Data shown ▸
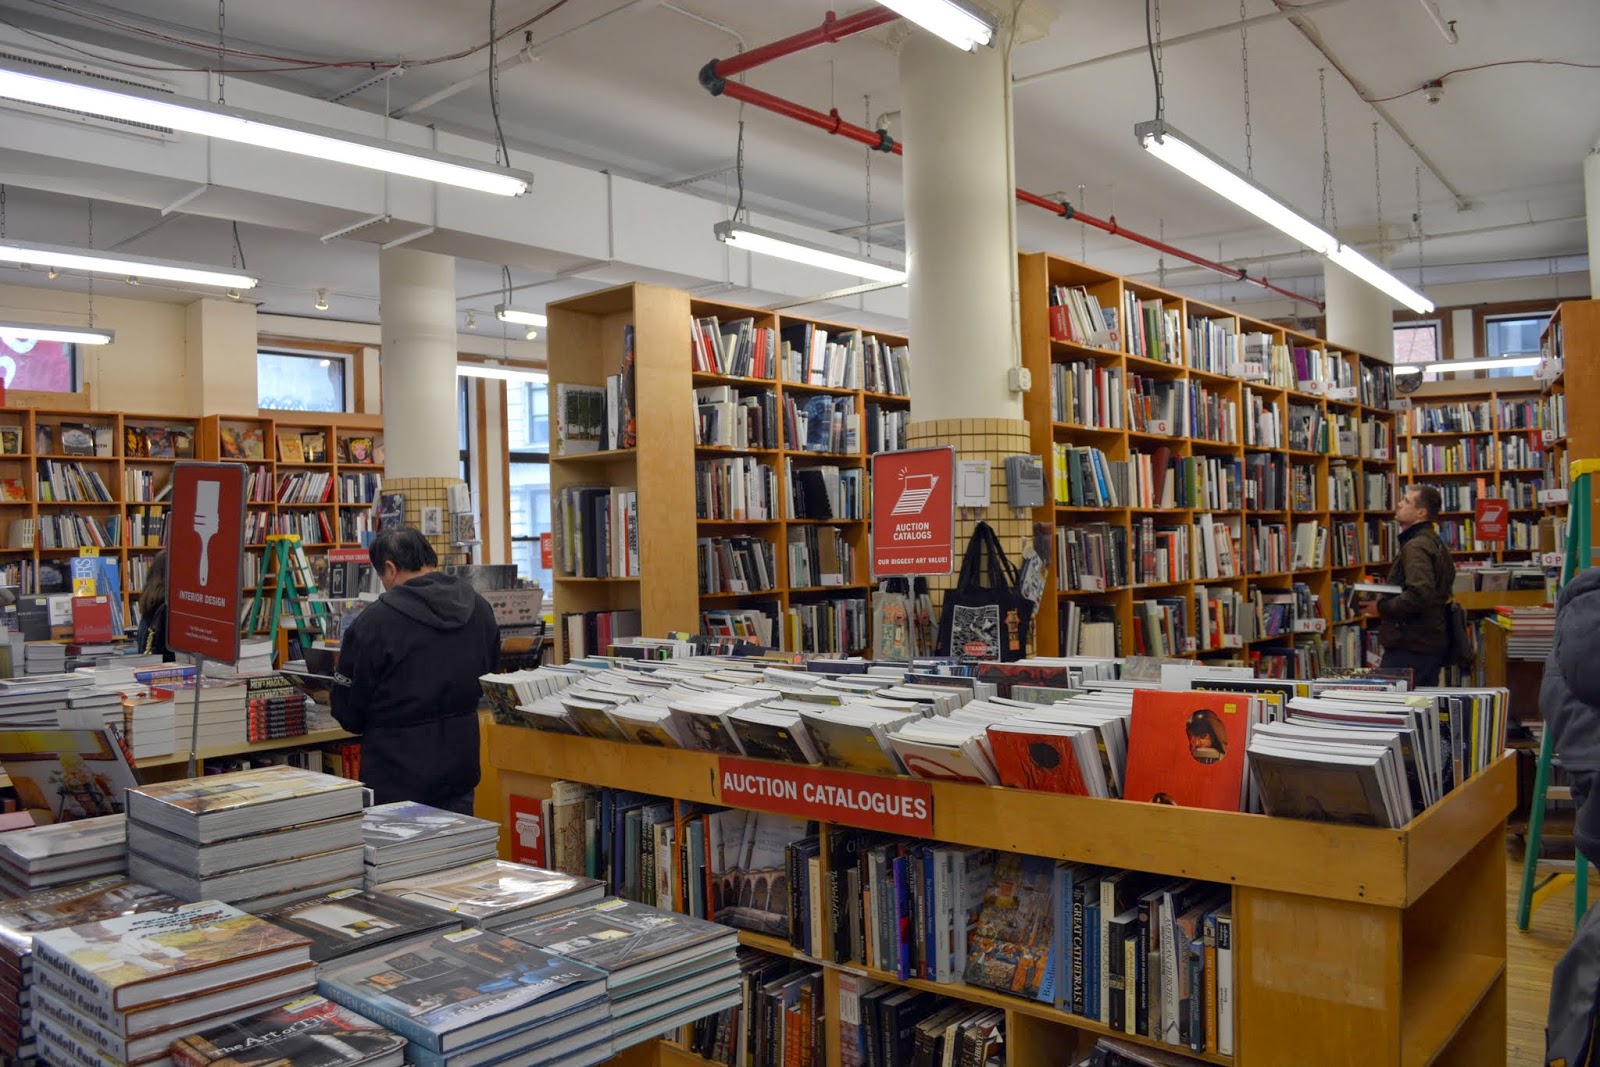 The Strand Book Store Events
==
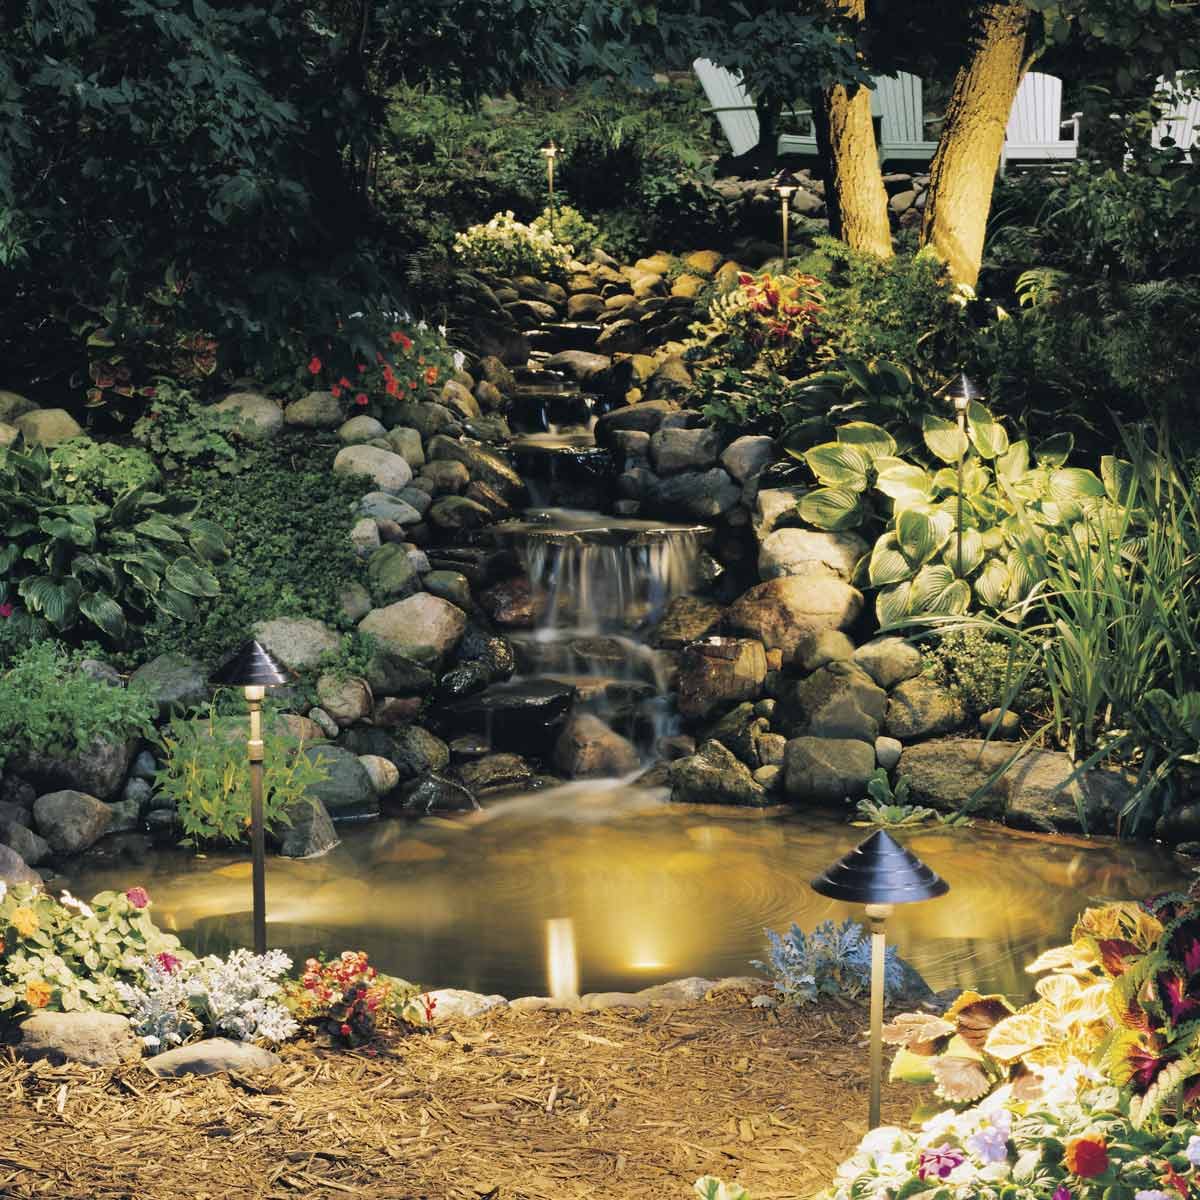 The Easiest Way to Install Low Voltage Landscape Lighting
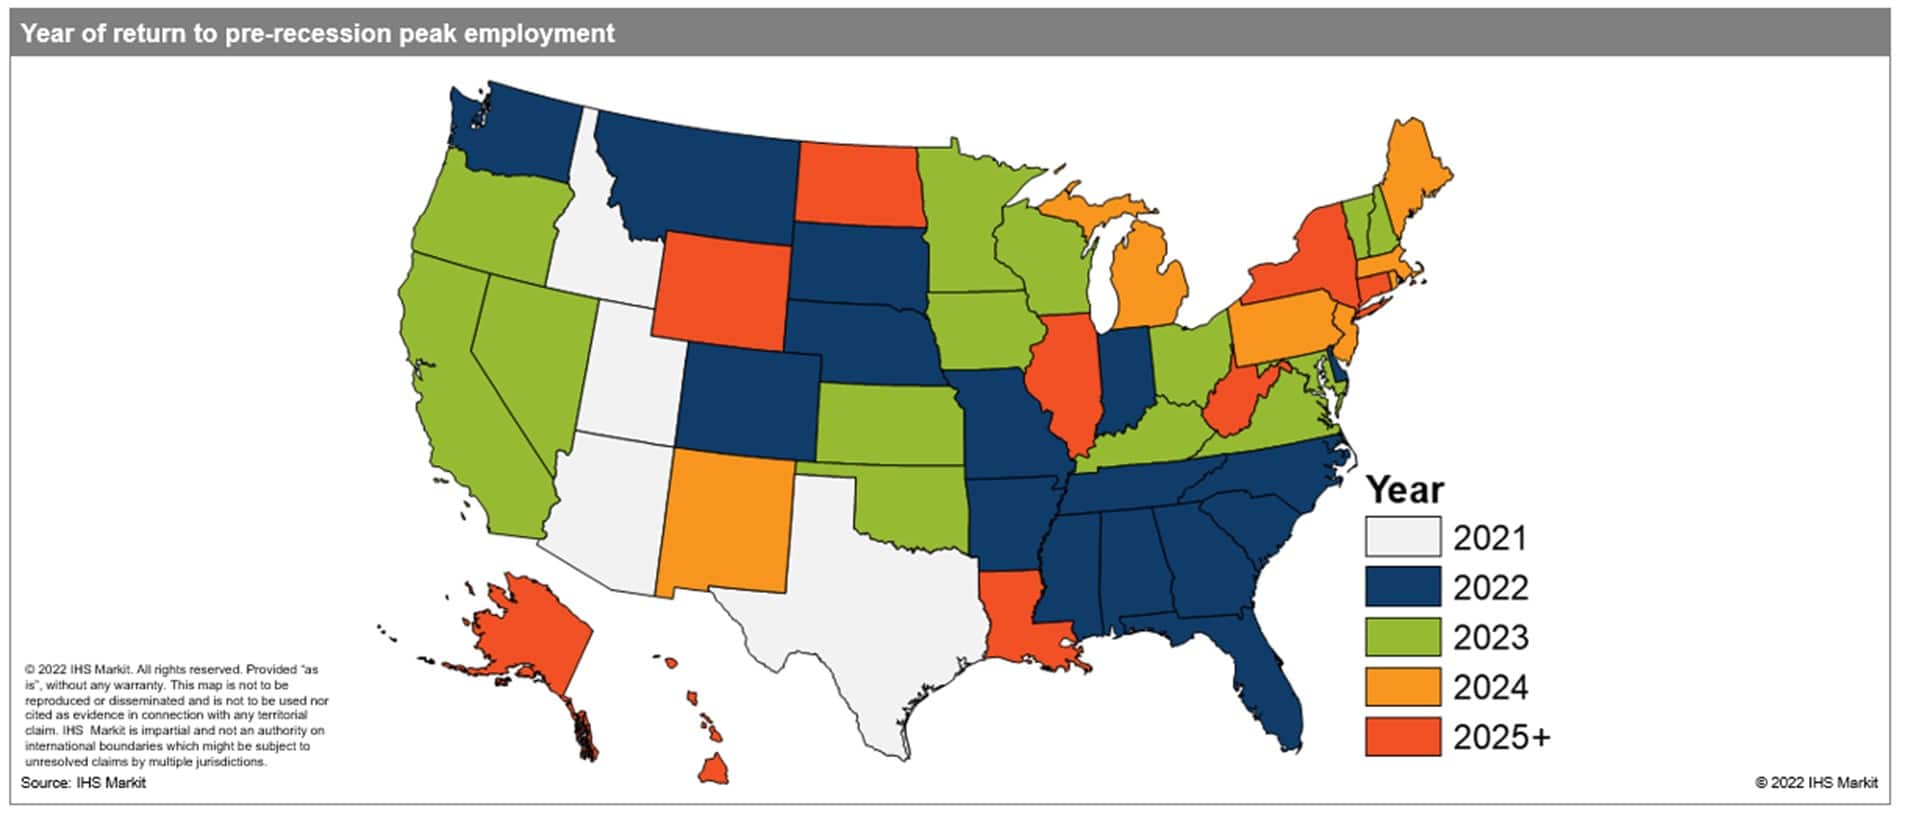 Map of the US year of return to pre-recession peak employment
--
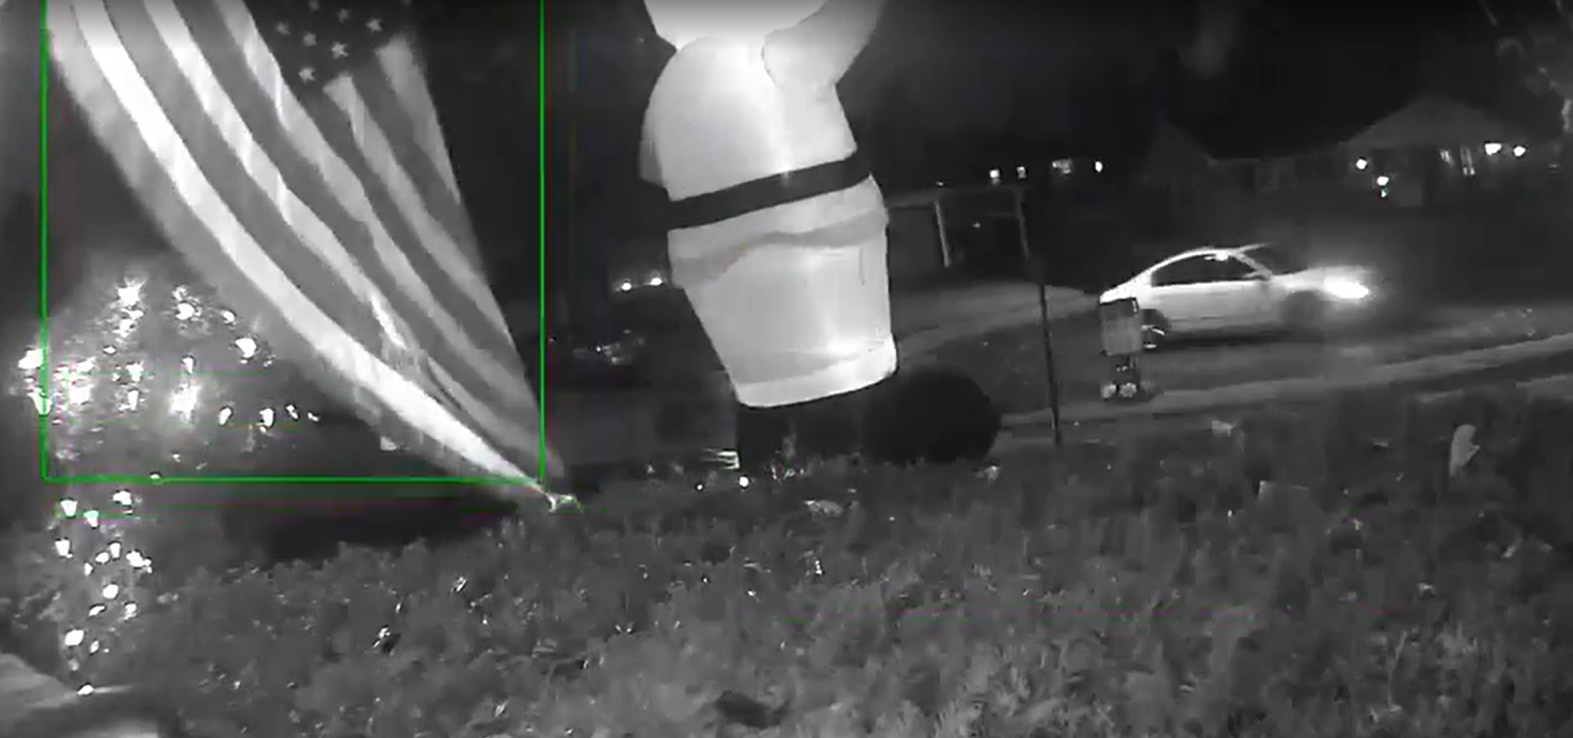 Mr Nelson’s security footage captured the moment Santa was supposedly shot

The task ▸ Set down exactly the lines above, from the line containing "The Easiest Way" through the line containing "Map of the US". Skip the pictures.

Reply to the task ▸
 The Easiest Way to Install Low Voltage Landscape Lighting
 Map of the US year of return to pre-recession peak employment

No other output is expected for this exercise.